Remaining in the program are approximately 11 mobile marketing partners (MMPs), including Apsalar, Trademob and Localytics (See the full list). These companies support the all-important function of attributing app installs and app-based revenue back to Facebook ads.
The issues came up in a routine privacy audit of the MMPs, conducted by an outside auditor contracted by Facebook. The auditor conducted an on-site review of each Facebook MMP to make sure they were honoring its contracts.
“After working with a third-party auditor to review the practices of all our mobile measurement partners, we discovered that some weren’t adhering to the terms they agreed to," Facebook said in a statement. "As a result, we've removed a couple of our partners from the program. We take our contracts seriously, and will continue to act swiftly anytime we find out they are being violated."
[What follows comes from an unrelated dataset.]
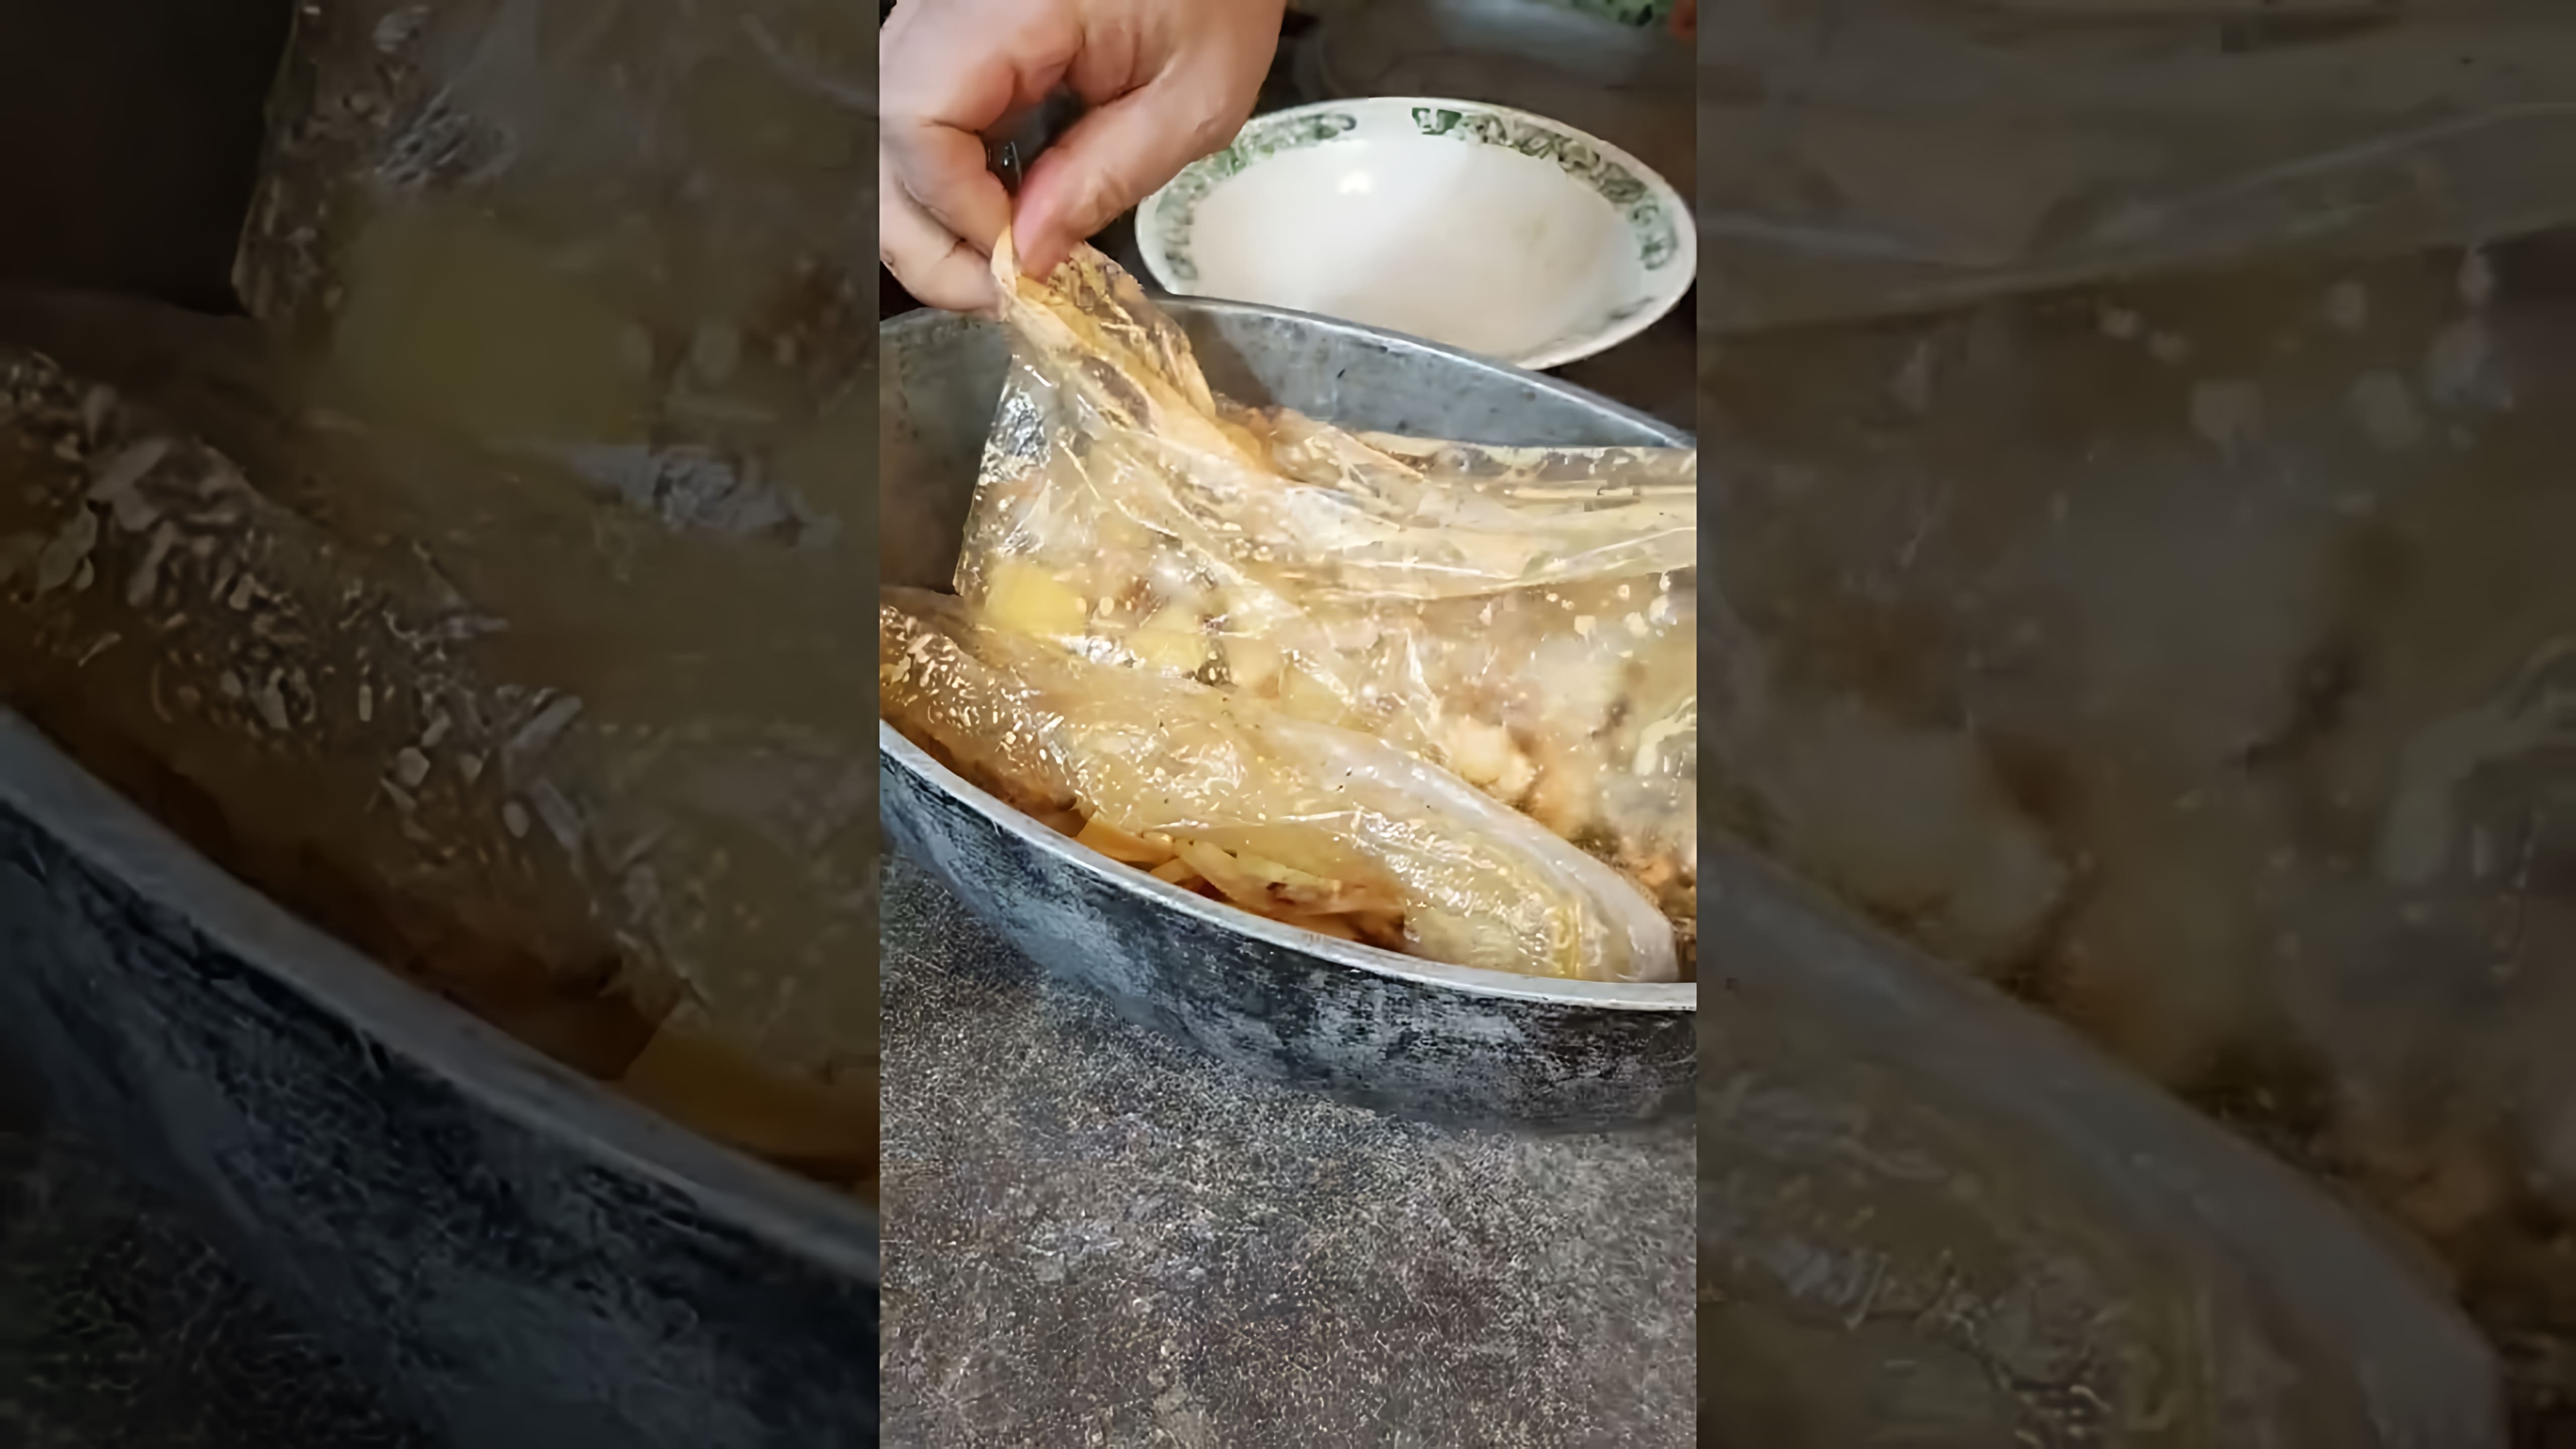 В этом видео демонстрируется процесс приготовления картошки в утятнице

The dismissal of HasOffers and Kontagent is an indicator of how seriously Facebook is treating its mobile advertising channel. In Q4 its mobile ad revenue surpassed desktop for the first time, reaching $1.2 billion globally. Additionally Facebook has launched a new test of a mobile ad network, working with a small set of app developers to extend the reach of ad buys leveraging its audience data.
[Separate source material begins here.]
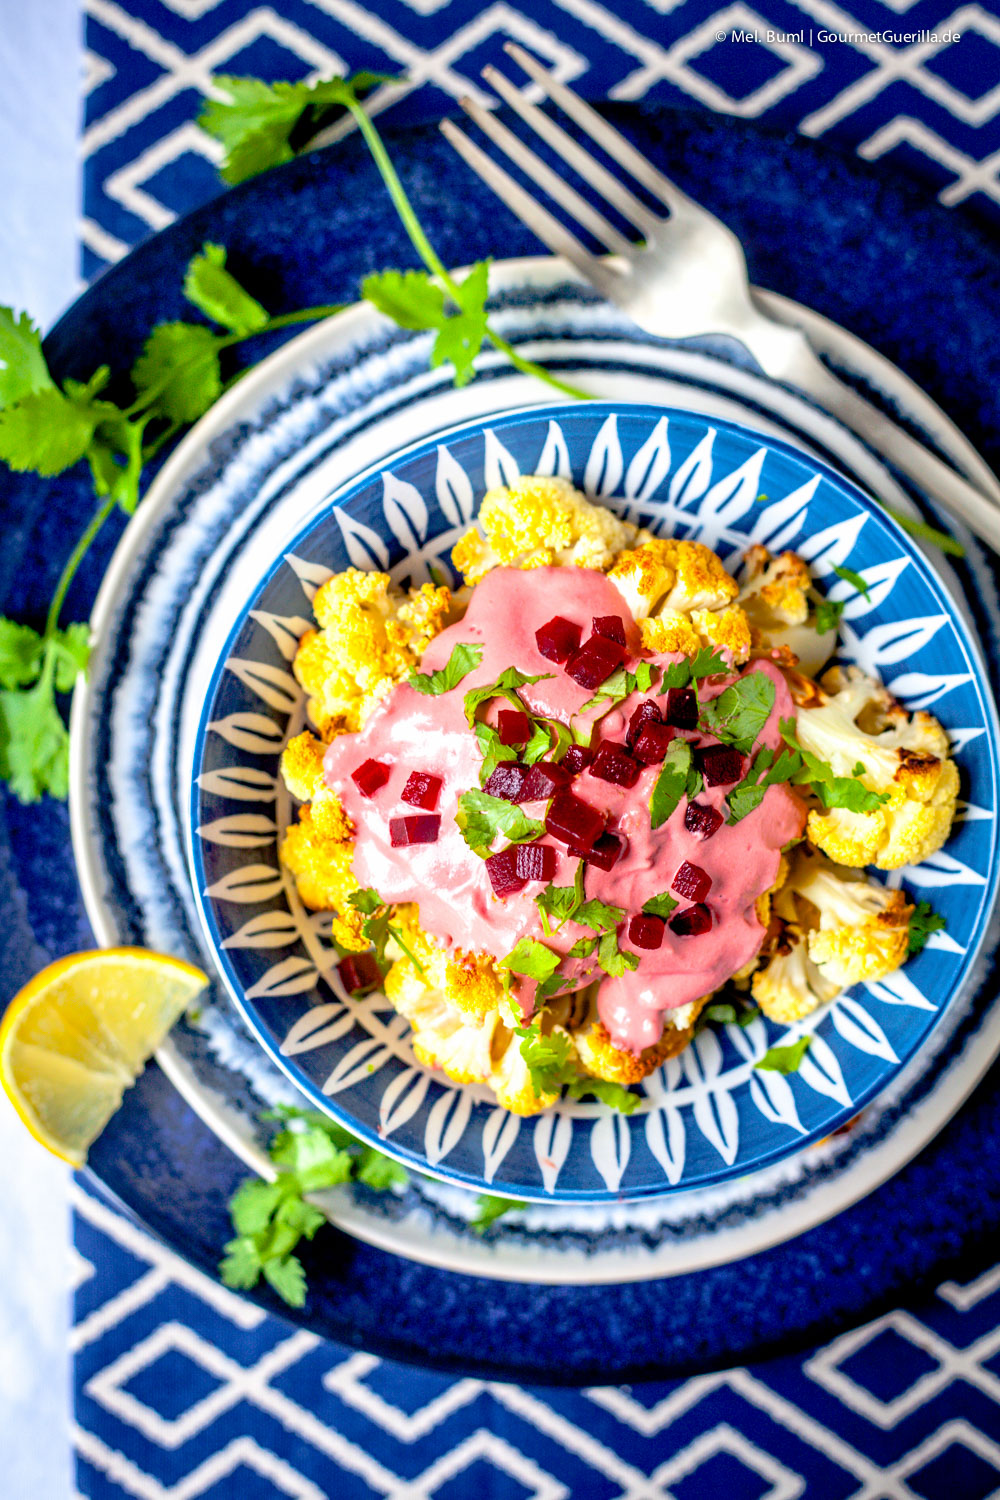 Im Ofen gebackener Blumenkohl mit Pretty Pink Tahina Sauce | GourmetGuerilla.de

The data collected and retained by Facebook's MMPs includes downstream conversions, lifetime value and ad ROI, all pegged to anonymous user IDs. One possible concern from Facebook's point of view is that anonymous user data gathered from Facebook campaigns could be cross-referenced with a device identifier such as Apple's Identifier For Advertising (IDFA) to create a side data business. The data retention limits are intended in part to mitigate that risk.
Probably the larger motive is to show the world -- regulators, advertisers, and partners -- that Facebook has meticulous privacy controls in place and will be constantly monitoring for violations and take actions when it finds them.
To that end, it's worth noting no data leaks or privacy breaches were discovered by Facebook or its auditor.
Neither HasOffers nor Kontagent were available to comment.
The story previously stated incorrectly that MMPs can track impressions.